A. Lenardic, A. M. Jellinek, B. Foley, C. O’Neill, and W. B. Moore
Abstract Interactions among tectonics, volcanism, and surface weathering are critical to the long-term
climatic state of a terrestrial planet. Volcanism cycles greenhouse gasses into the atmosphere. Tectonics
creates weatherable topography, and weathering reactions draw greenhouse gasses out of the atmosphere.
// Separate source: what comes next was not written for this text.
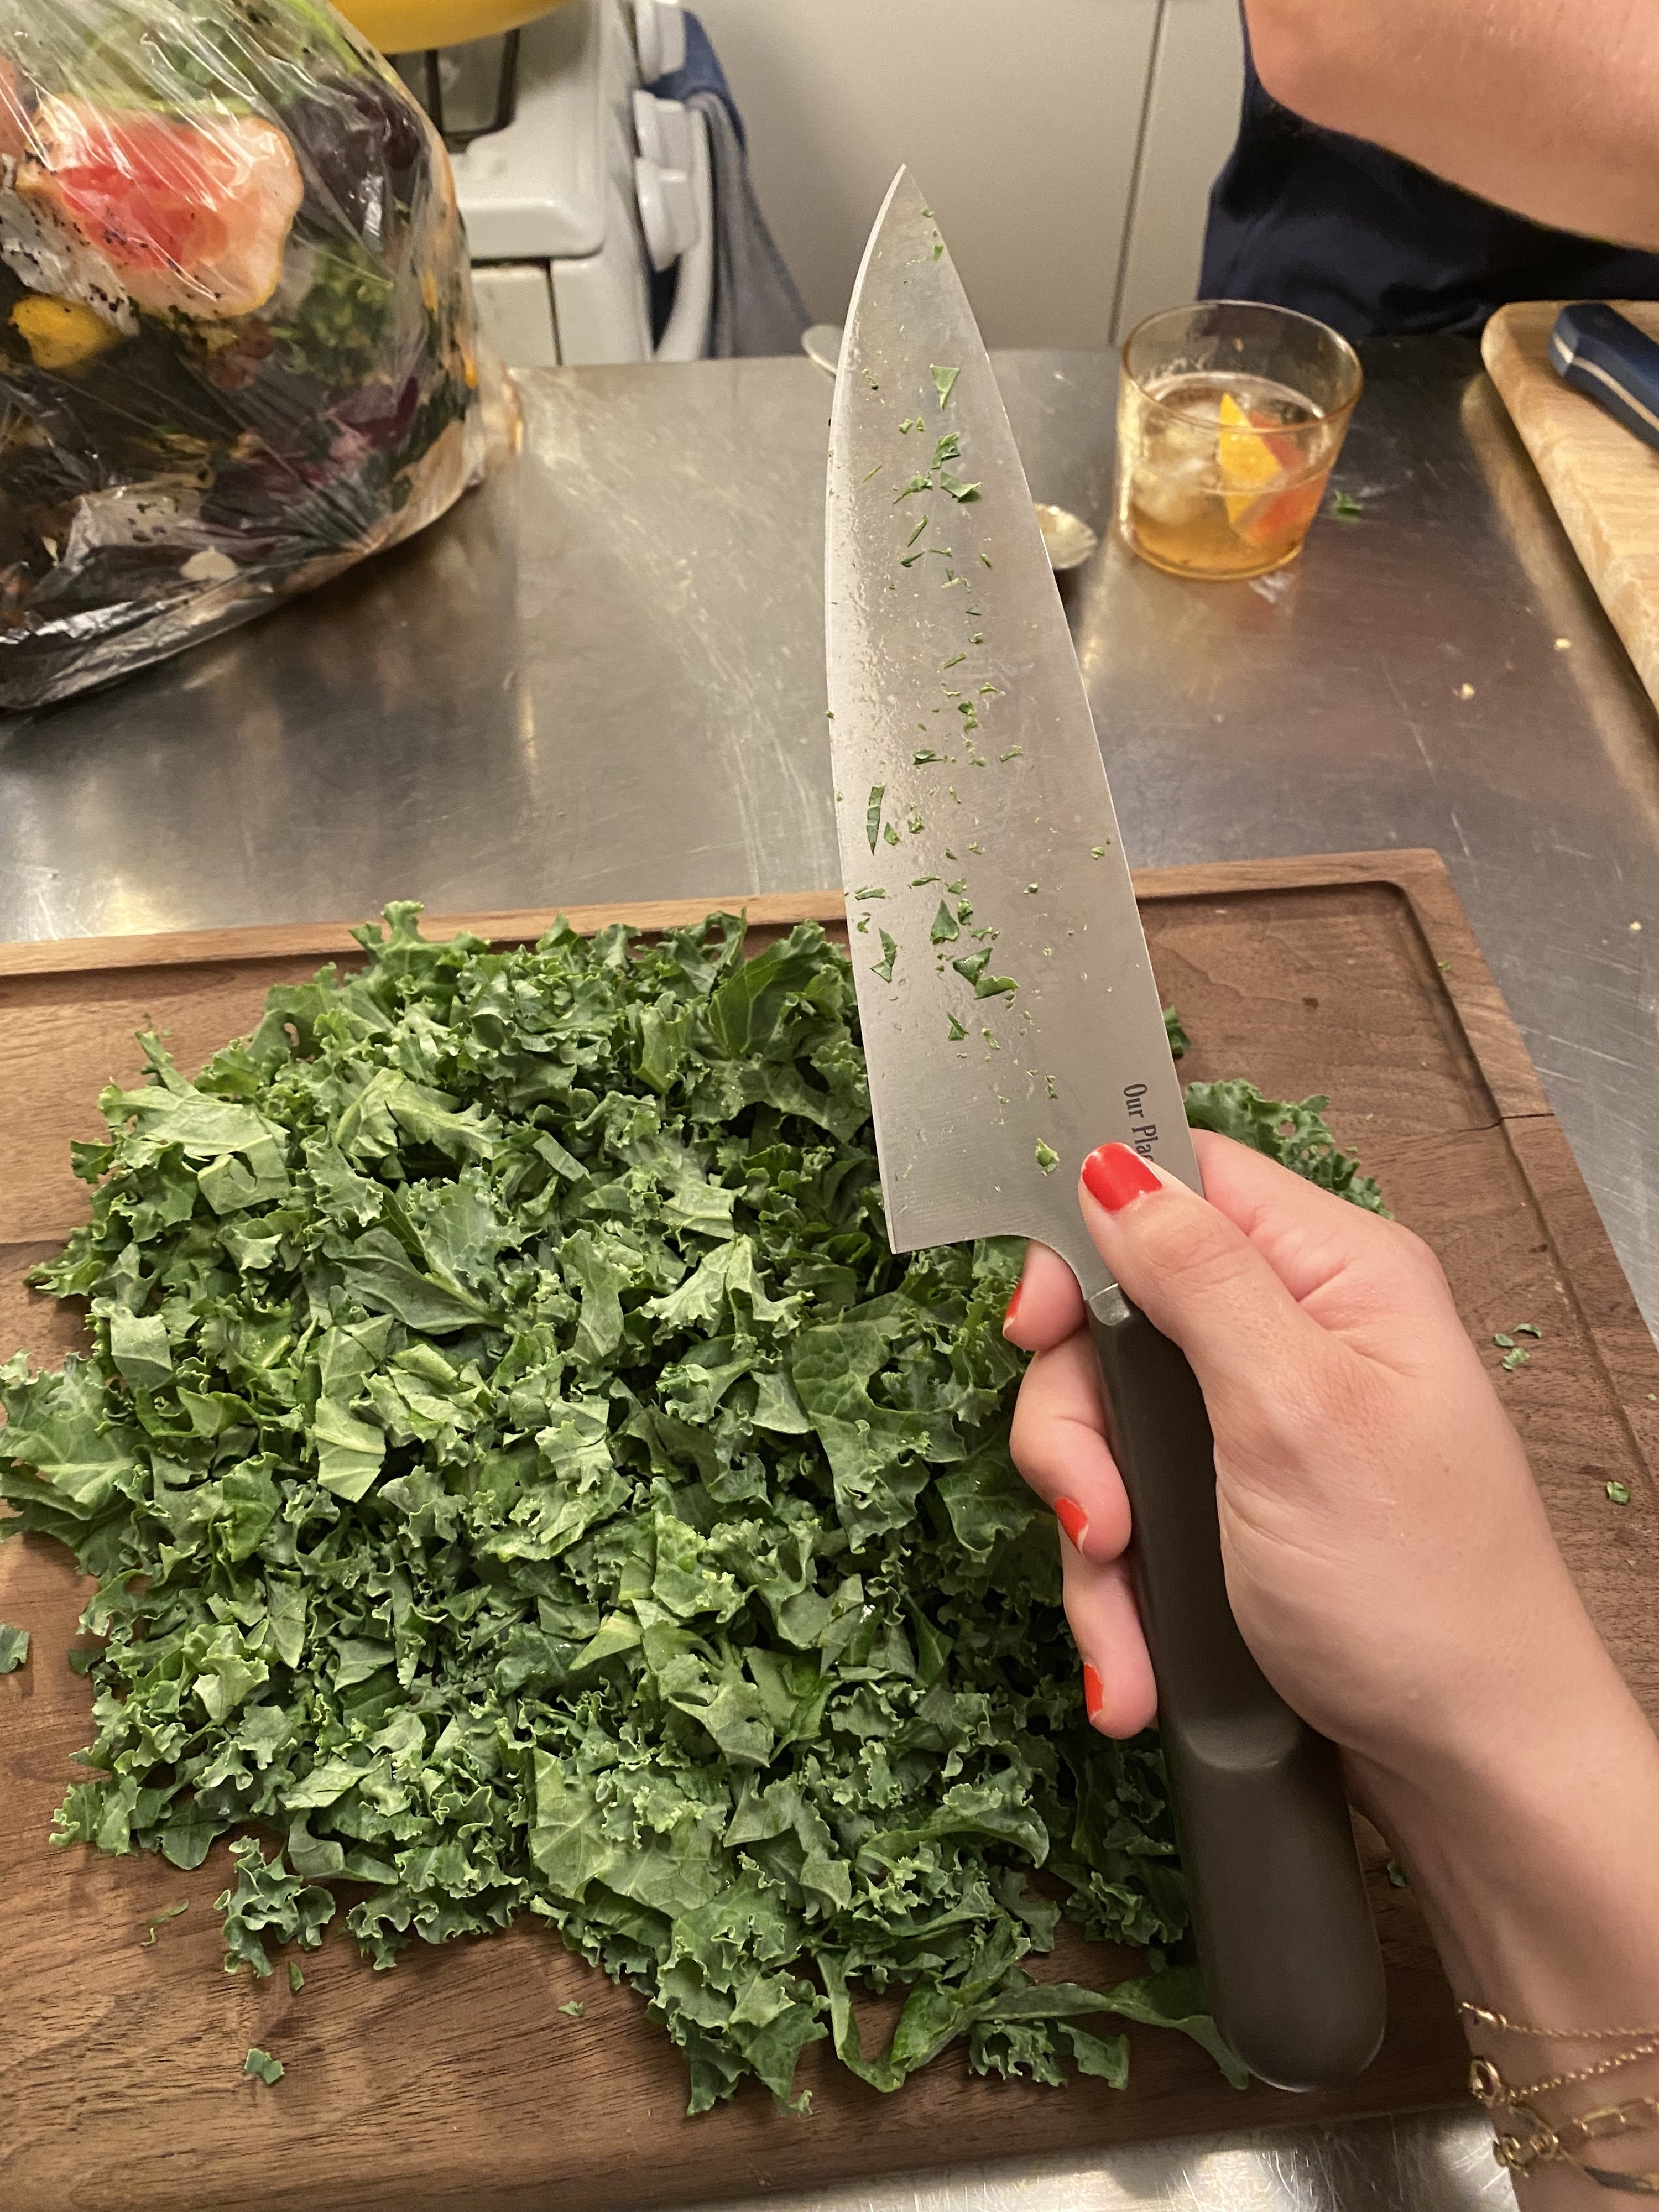 the knife and cutting board being used to chop kale

Weathering depends on physical processes governed partly by surface temperature, which allows for the
potential that climate-tectonic coupling can buffer the surface conditions of a planet in a manner that allows
liquid water to exist over extended timescales (a condition that allows a planet to be habitable by life as we
know it). We discuss modeling efforts to explore the level to which climate-tectonic coupling can or cannot
regulate the surface temperature of a planet over geologic time. Thematically, we focus on how coupled
climate-tectonic systems respond to the following: (1) changes in the mean pace of tectonics and associated
variations in mantle melting and volcanism, (2) large-amplitude fluctuations about mean properties such as
mantle temperature and surface plate velocities, and (3) changes in tectonic mode.We consider models that
map the conditions under which plate tectonics can or cannot provide climate buffering as well as models
that explore the potential that alternate tectonic modes can provide a level of climate buffering that allows
liquid water to be present at a planet’s surface over geological timescales. We also discuss the possibility
that changes in the long-term climate state of a planet can feedback into the coupled system and initiate
changes in tectonic mode.

Lenardic, A., M. Jellinek, B. Foley, C. O’Neill, and W. B. Moore (2016),
Climate-tectonic coupling: Variations in the mean, variations about the mean, and variations in mode, J. Geophys. Res. Planets, 121, doi:10.1002/2016JE005089.